2.2.2 Commerciële afschrijving
afschrijvingsregels
Er gelden ook afschrijvingsregels voor goodwill, voor overige bedrijfsmiddelen en voor gebouwen. Een voorbeeld: een koffietentje koopt een nieuwe Italiaanse espressomachine voor een bedrag van € 44.000. De restwaarde wordt gesteld op 10% ofwel € 4.400. De commerciële afschrijvingstermijn is vier jaar, de fiscale afschrijvingstermijn vijf jaar.

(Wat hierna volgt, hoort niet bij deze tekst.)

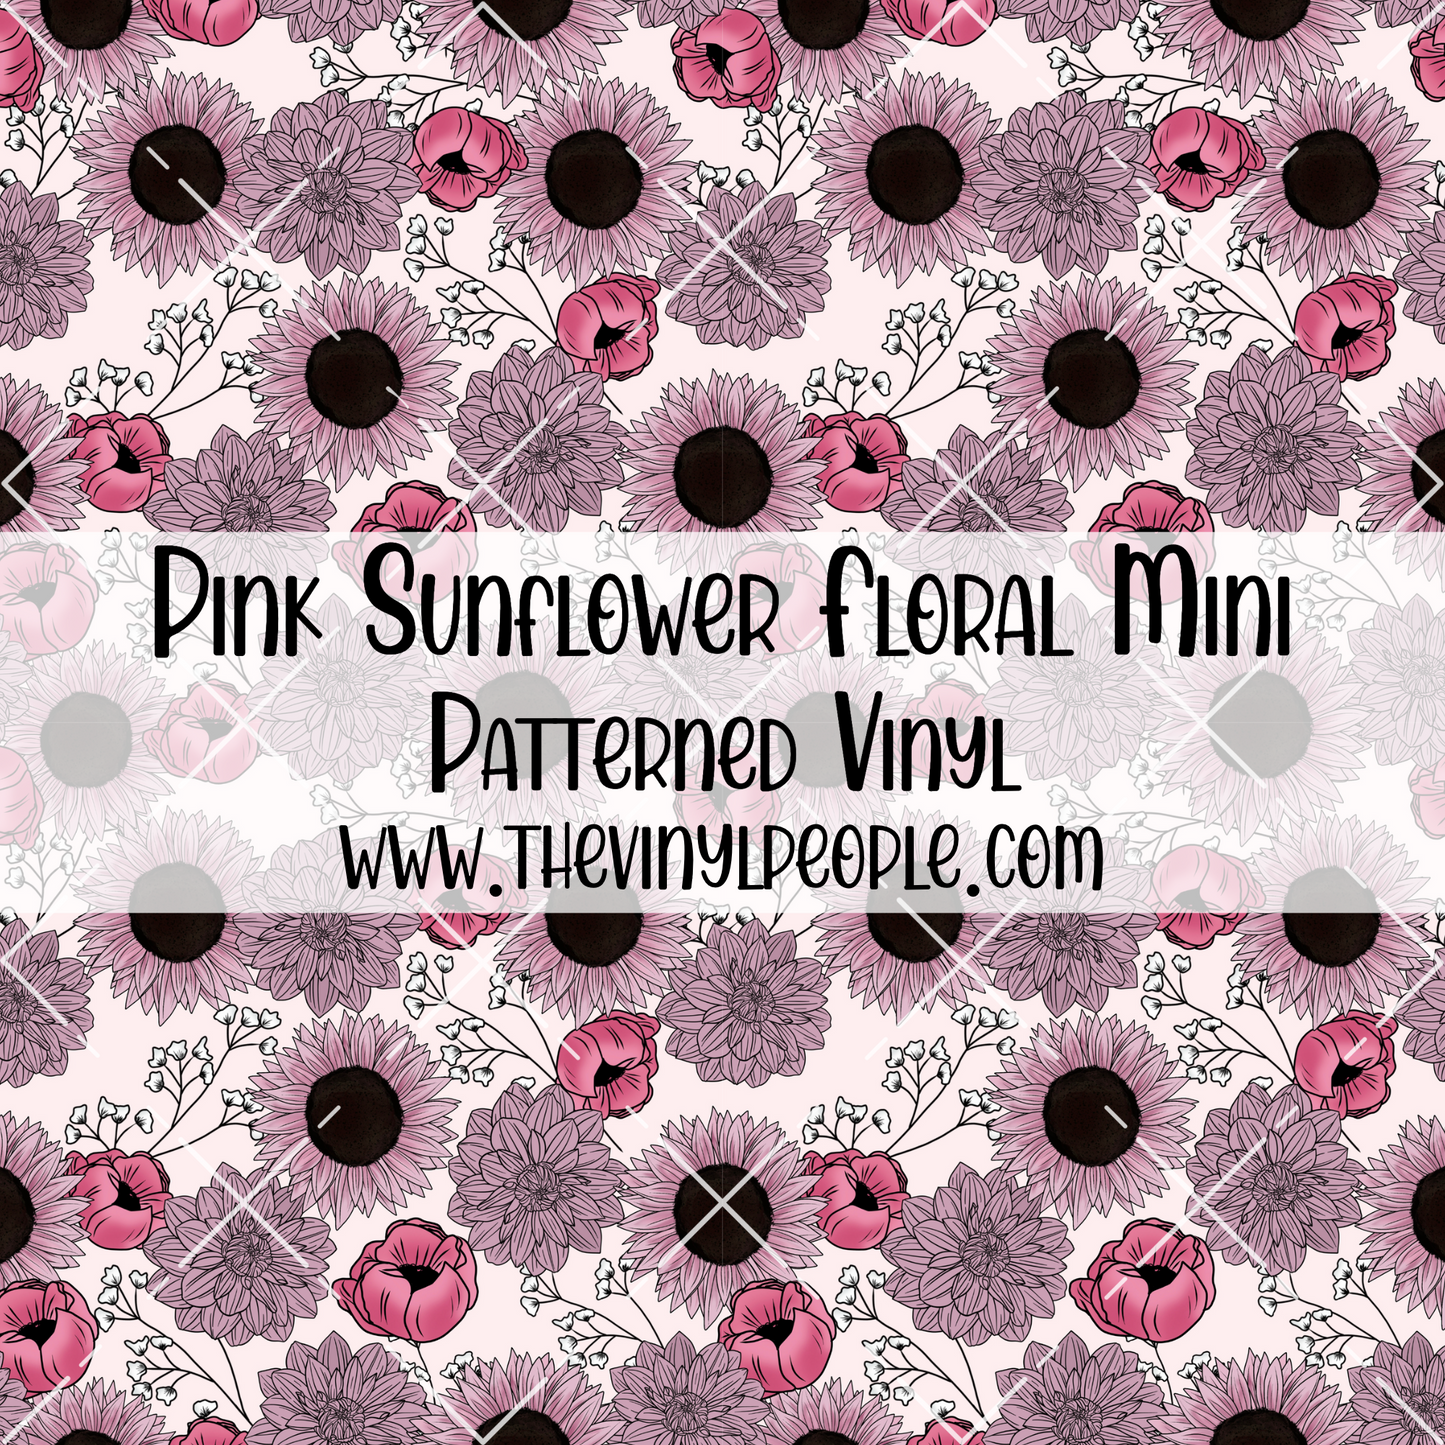 Pink Sunflower Floral Patterned Vinyl

Dit levert het onderstaande schema met verschillen op.
Jaarlijkse afschrijving en boekwaarde
| Jaar | Commercieel | Fiscaal | Winst- verschil |
| Aanschafwaarde | € 44.000 | € 44.000 | |
| Afschrijving 1 | € 9.900 | € 8.000 | € 1.900 |
| Boekwaarde | € 34.100 | € 36.000 | |
| Afschrijving 2 | € 9.900 | € 8.000 | € 1.900 |
| Boekwaarde | € 24.200 | € 28.000 | |
| Afschrijving 3 | € 9.900 | € 8.000 | € 1.900 |
| Boekwaarde | € 14.300 | € 20.000 | |
| Afschrijving 4 | € 9.900 | € 8.000 | € 1.900 |
| Boekwaarde | € 4.400 | € 12.000 | |
| Afschrijving 5 | € 0 | € 8.000 | - € 8.000 |
| Boekwaarde | € 4.000 | € 4.000 | |
| Totaal verschil | € 0 |
2.2.3 Tweedehands bedrijfsmiddel
Je kunt ook kiezen voor een busje dat je na vijf jaar overneemt uit de lease. Of een machine uit een failliete boedel. De fiscus hanteert geen aparte regels voor tweedehands bedrijfsmiddelen, zogenoemde occasions. Ook hiervoor geldt een maximale jaarlijkse afschrijving van 20% (van de aanschafkosten) en fiscale afschrijvingstermijn van minimaal vijf jaar. Ook al is bij een tweedehands bedrijfsmiddel al meteen duidelijk dat deze afschrijvingstermijn veel te ruim is, dan nog moet je in vijf jaar afschrijven. Wel kan in dit soort situaties de afwaardering op lagere bedrijfswaarde mogelijk uitkomst bieden. Ben je van mening dat de op de (fiscale) balans getoonde waarde van een bedrijfsmiddel te hoog is, dan kun je deze waarde naar beneden bijstellen. Zo kun je een verouderde computer die je alleen bewaart vanwege de oude gegevens die erop staan, uiteindelijk afwaarderen tot een bedrijfswaarde van nihil, in plaats van een restwaarde van 10% te hanteren. Maar het zal niet bij alle bedrijfsmiddelen makkelijk zijn de Belastingdienst ervan te overtuigen dat de waarde daadwerkelijk lager is.
Levensduur en restwaarde
winst-en- verliesrekening
Is de verwachte levensduur korter dan vijf jaar, dan is de commerciële afschrijving hoger dan het fiscaal toegestane maximum van 20% van de aanschafkosten. In dat geval ben je voor de winst-en-verliesrekening gedwongen de commerciële afschrijving aan te houden. Dit probleem speelt niet bij bedrijfsmiddelen waarvan de commerciële levensduur gelijk is aan of langer is dan vijf jaar. De fiscale regels lopen in dat geval qua afschrijving synchroon met de commerciële afschrijving. Deze methodes vind je terug in de onderstaande afschrijvingsregels:
- In eerste instantie bereken je de jaarlijkse afschrijvingslast op basis van de verwachte economische levensduur én rekening houdend met de restwaarde.
- Bij een commerciële levensduur van meer dan vijf jaar, bedraagt de commerciële afschrijving minder dan 20% van de aanschafkosten en kan de fiscale afschrijving de commerciële afschrijving volgen.
economisch nut
In principe bepaalt de gebruiksduur de technische levensduur van het bedrijfsmiddel. Je mag echter uitgaan van de economische levensduur als deze korter is dan de technische levensduur. De economische levensduur eindigt als het bedrijfsmiddel geen economisch nut meer heeft voor jou, ook al is het apparaat technisch nog in goede staat.